What to do:
Give the listing again word for word, excluding the pictures it contains.

Dataset extract:
===============

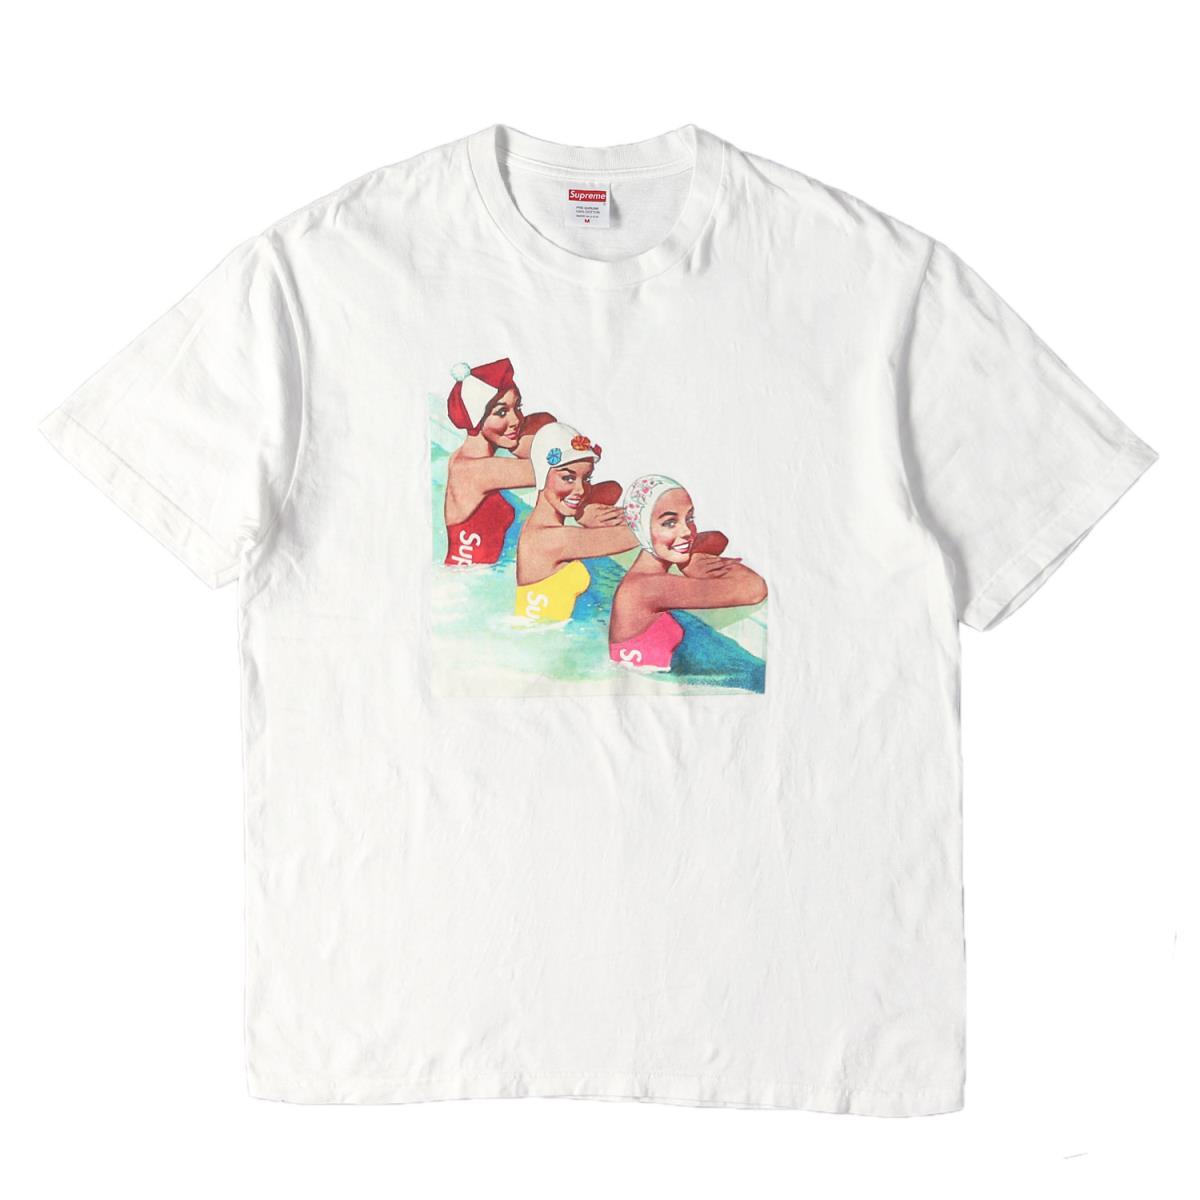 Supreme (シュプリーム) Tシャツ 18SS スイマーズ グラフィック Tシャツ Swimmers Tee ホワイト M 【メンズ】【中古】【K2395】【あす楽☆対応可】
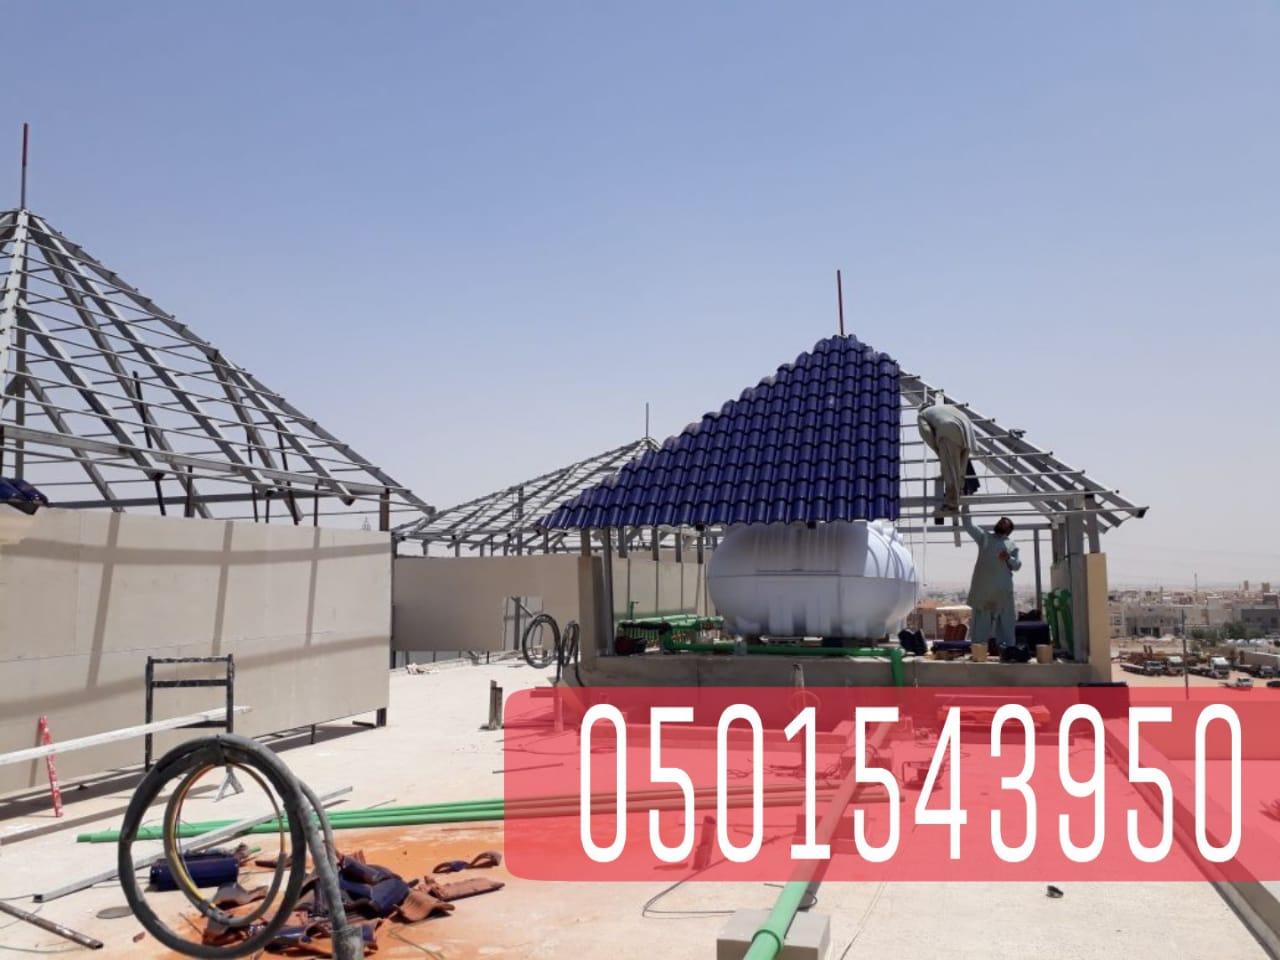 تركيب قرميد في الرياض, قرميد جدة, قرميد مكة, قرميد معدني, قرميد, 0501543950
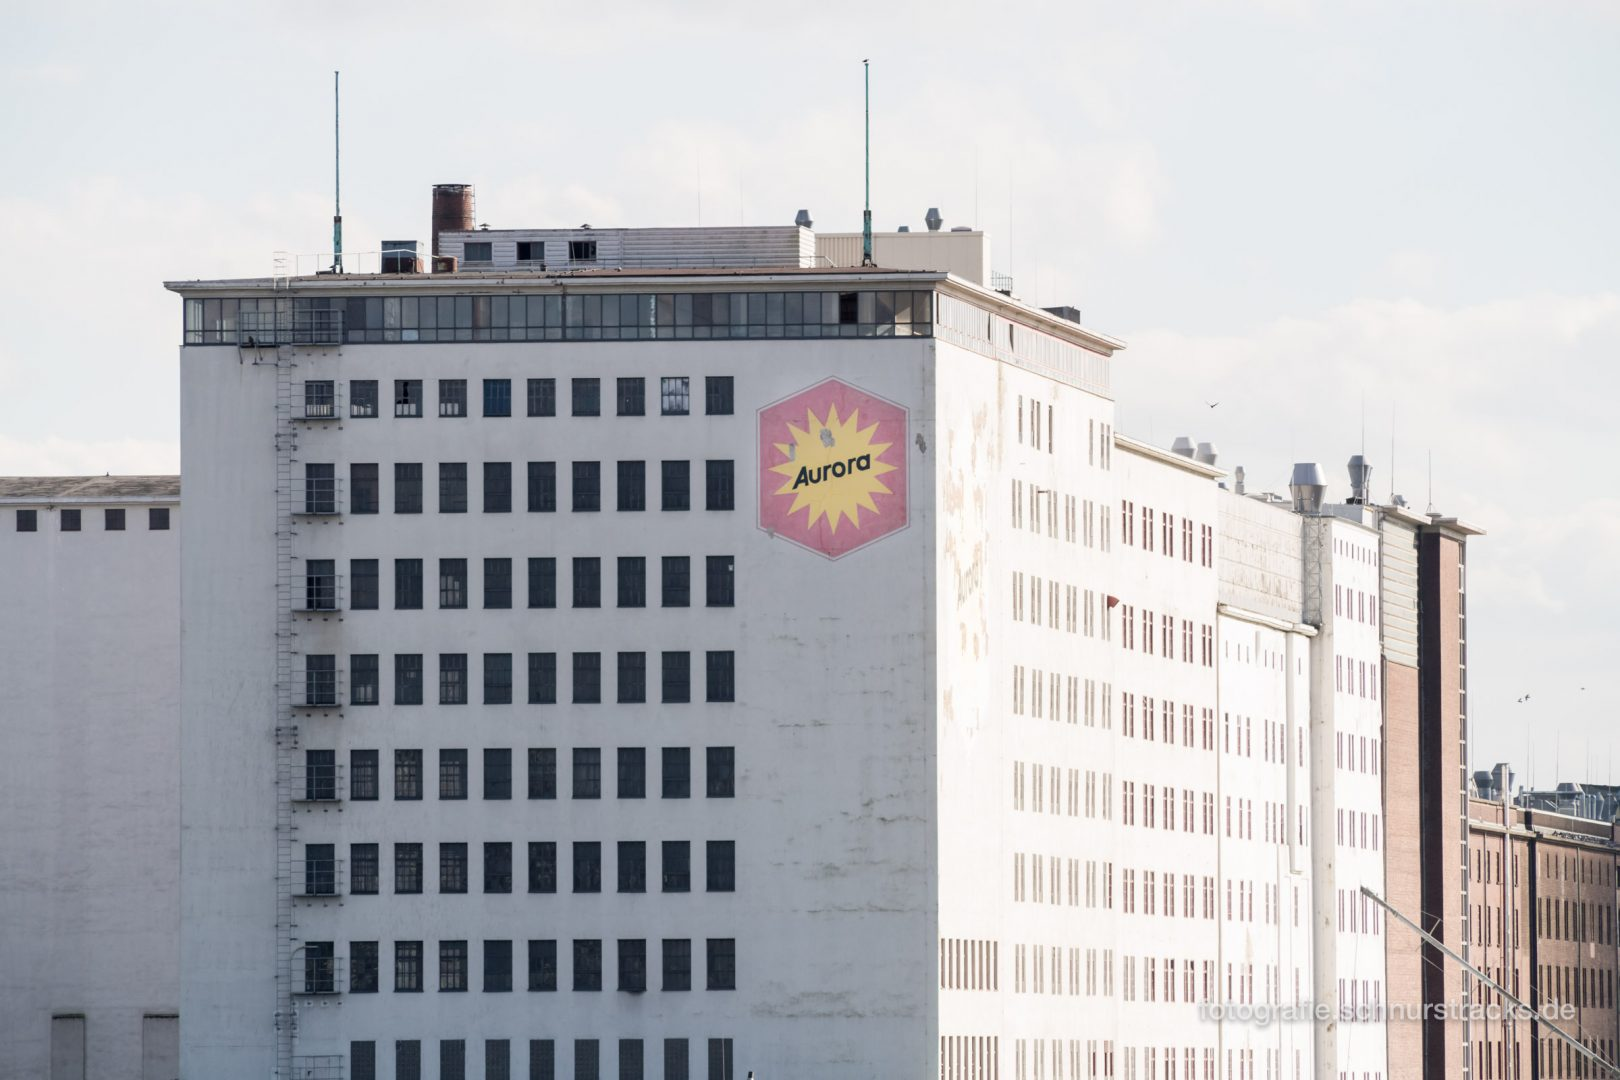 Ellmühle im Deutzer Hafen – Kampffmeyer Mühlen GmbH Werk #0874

===============

Reply:
 Supreme (シュプリーム) Tシャツ 18SS スイマーズ グラフィック Tシャツ Swimmers Tee ホワイト M 【メンズ】【中古】【K2395】【あす楽☆対応可】
 تركيب قرميد في الرياض, قرميد جدة, قرميد مكة, قرميد معدني, قرميد, 0501543950
 Ellmühle im Deutzer Hafen – Kampffmeyer Mühlen GmbH Werk #0874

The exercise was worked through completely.